Bottlenecks & scaling
Every limit on this platform traces back to HBM capacity, HBM bandwidth, or the latency of bringing GPUs online.
| Bottleneck | Symptom | Mitigation |
|---|---|---|
| KV cache memory | Caps concurrent sequences & context length; admission stalls when blocks run out. | Paged KV, GQA/MQA, quantized KV (fp8), prefix sharing, evict / swap cold sequences to host memory. |
| Decode is bandwidth-bound | Low compute utilization; tokens/sec plateaus. | Bigger batches, quantization, speculative decoding, fused / FlashAttention kernels. |
| Batch size vs latency | Bigger batch raises TPOT and TTFT for everyone. | SLO-aware max batch, chunked prefill, priority lanes, reserve KV headroom. |
| Cold starts | Loading 100s of GB of weights takes minutes before a replica serves. | Warm pools, stream weights from local NVMe, cache artifacts on the node, scale-to-zero only for the cold tail. |
| Autoscaling lag | GPUs take minutes to provision; reactive scaling arrives after the spike. | Scale on leading indicators (queue depth, TTFT, KV util), headroom buffers, predictive scaling, admission control + request queue to shed load gracefully. |
| Long-tail prompt / output lengths | Head-of-line blocking; TTFT and TPOT interfere. | Disaggregated prefill/decode, chunked prefill, length-aware scheduling. |
Staff-level summary
An LLM serving platform is a memory system wearing a compute system's clothes.
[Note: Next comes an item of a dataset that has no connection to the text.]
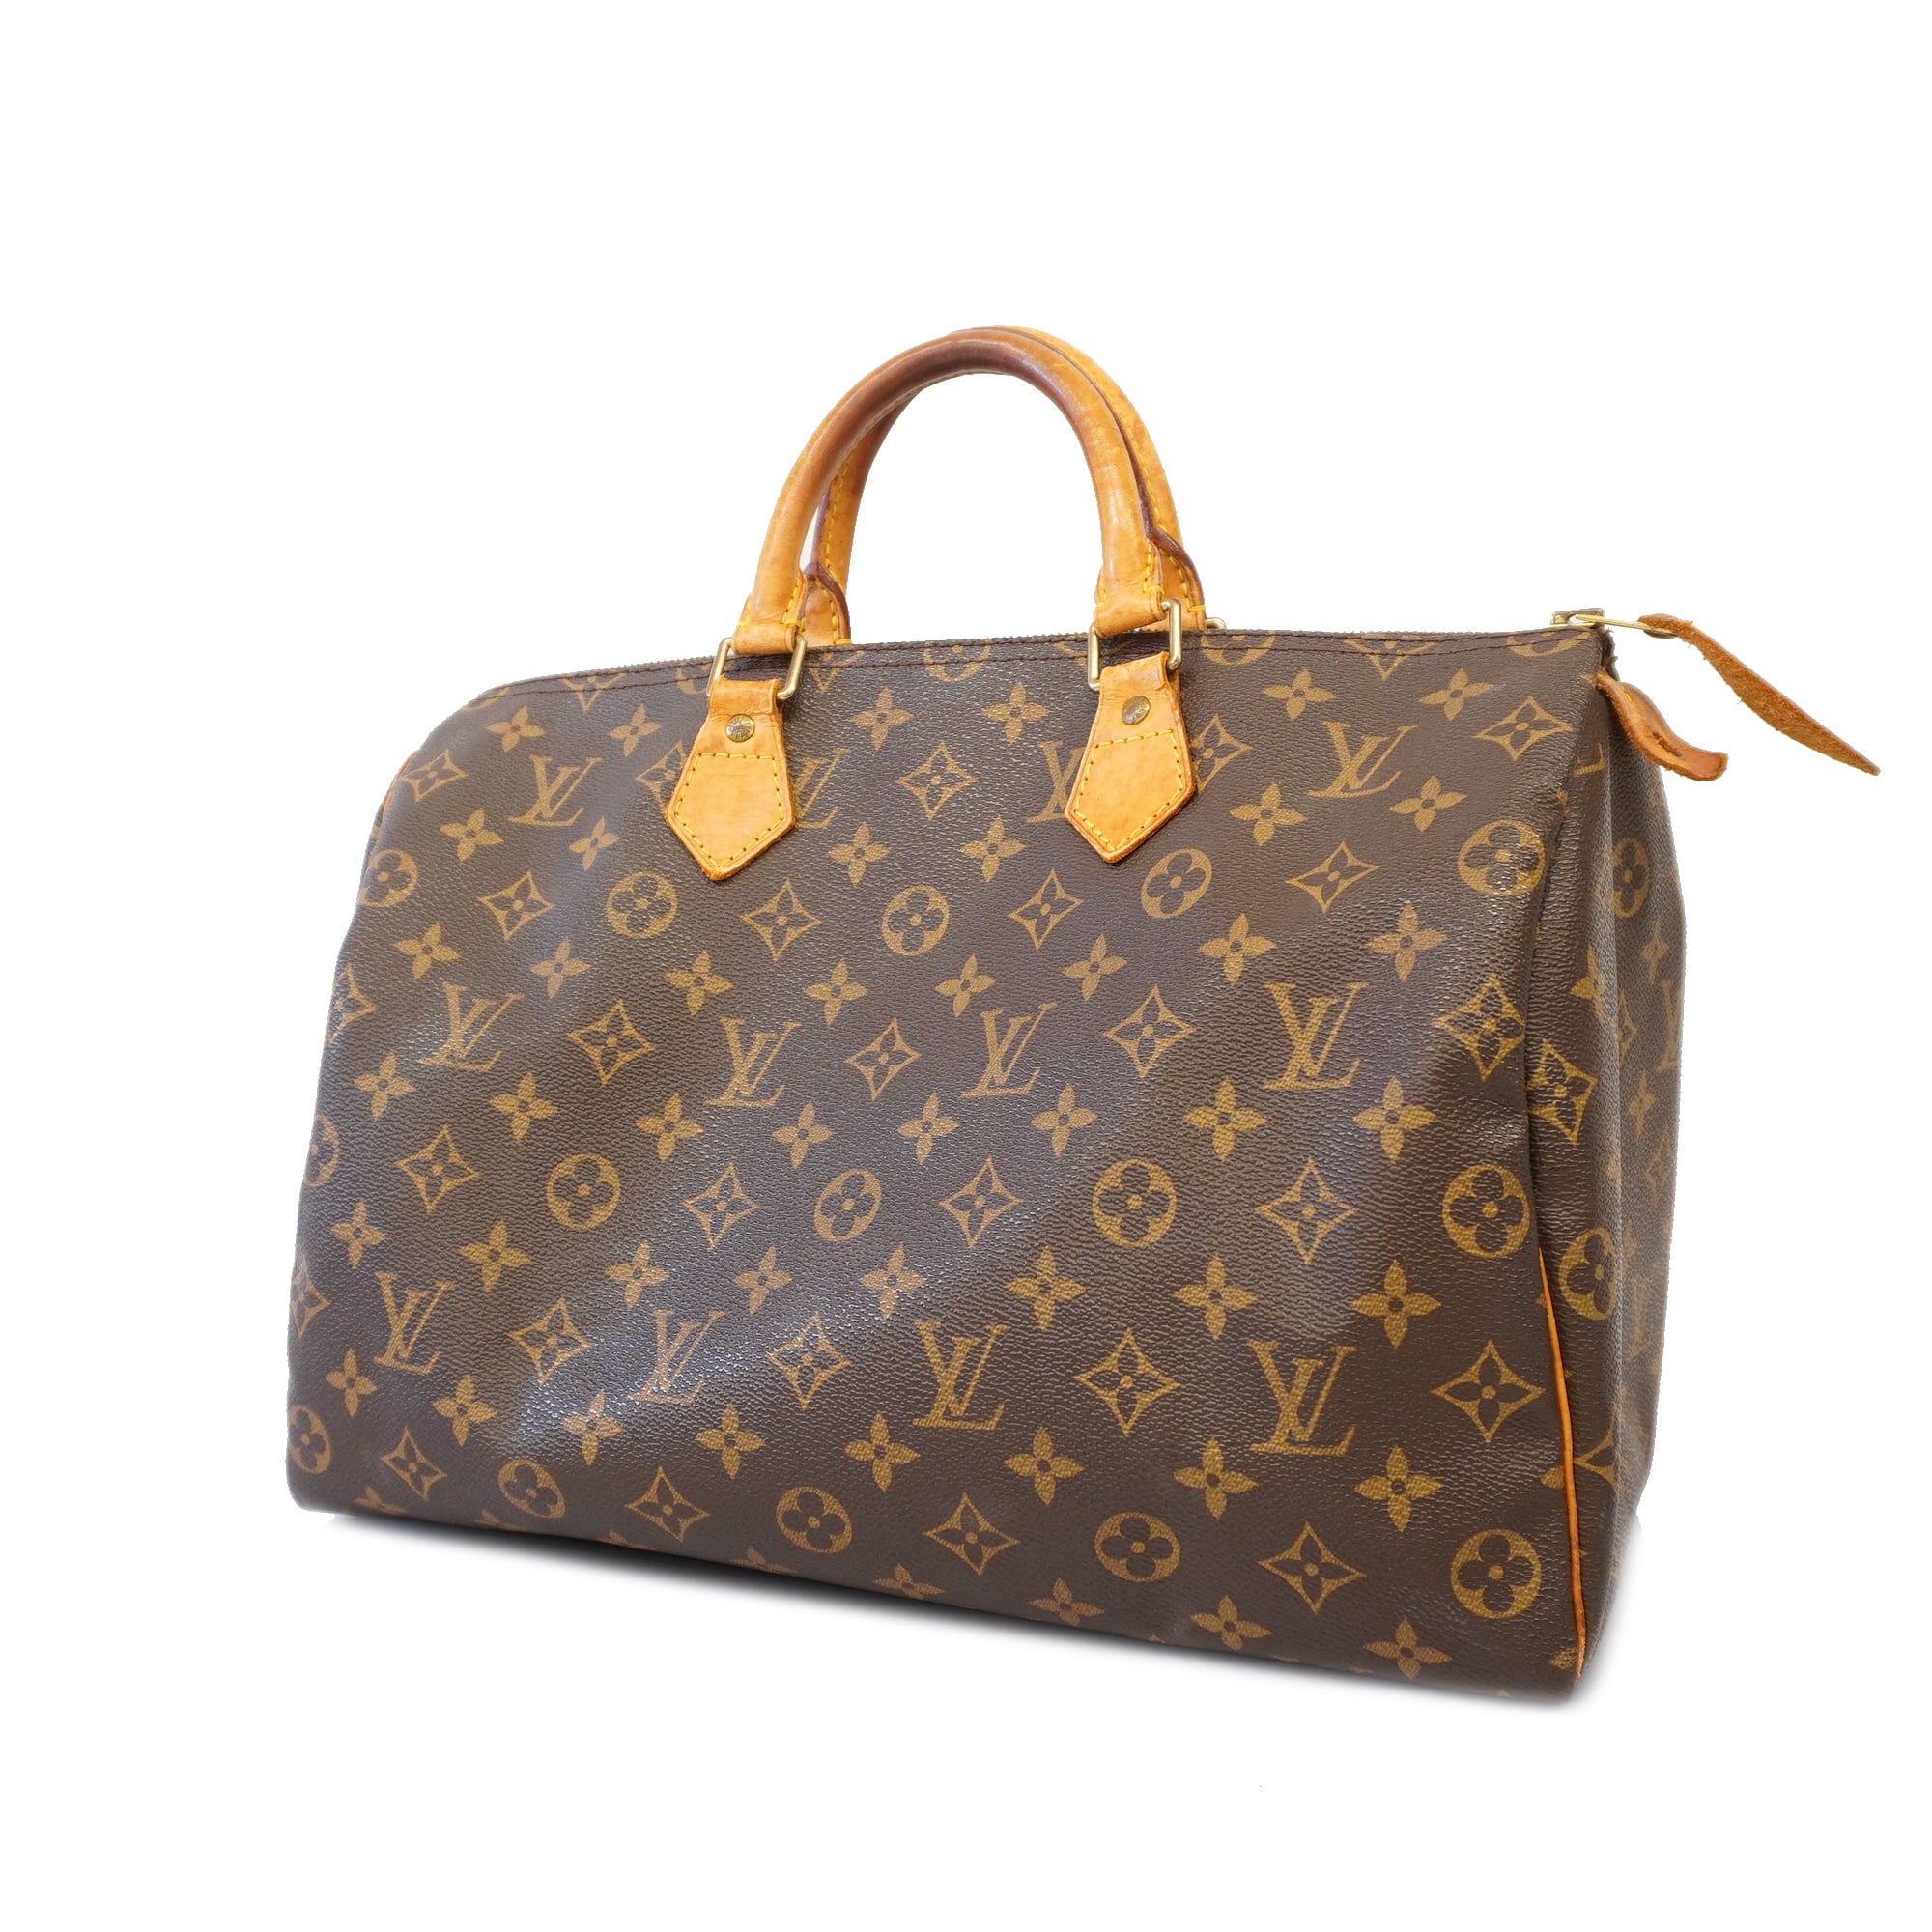 Louis Vuitton Monogram Speedy 35 Boston Bag

Prefill is compute-bound and sets TTFT; decode is memory-bandwidth-bound and sets TPOT. A continuous-batching scheduler keeps the GPU saturated; a paged KV cache decides how many users fit at once; tensor/pipeline parallelism makes big models fit; and quantization + speculative decoding attack the bandwidth wall on decode. Scale replicas by aggregate tokens/sec, scale concurrency by KV memory, and autoscale on leading indicators because GPUs are slow to wake. Nail those and cost-per-token — the metric the business actually cares about — falls out.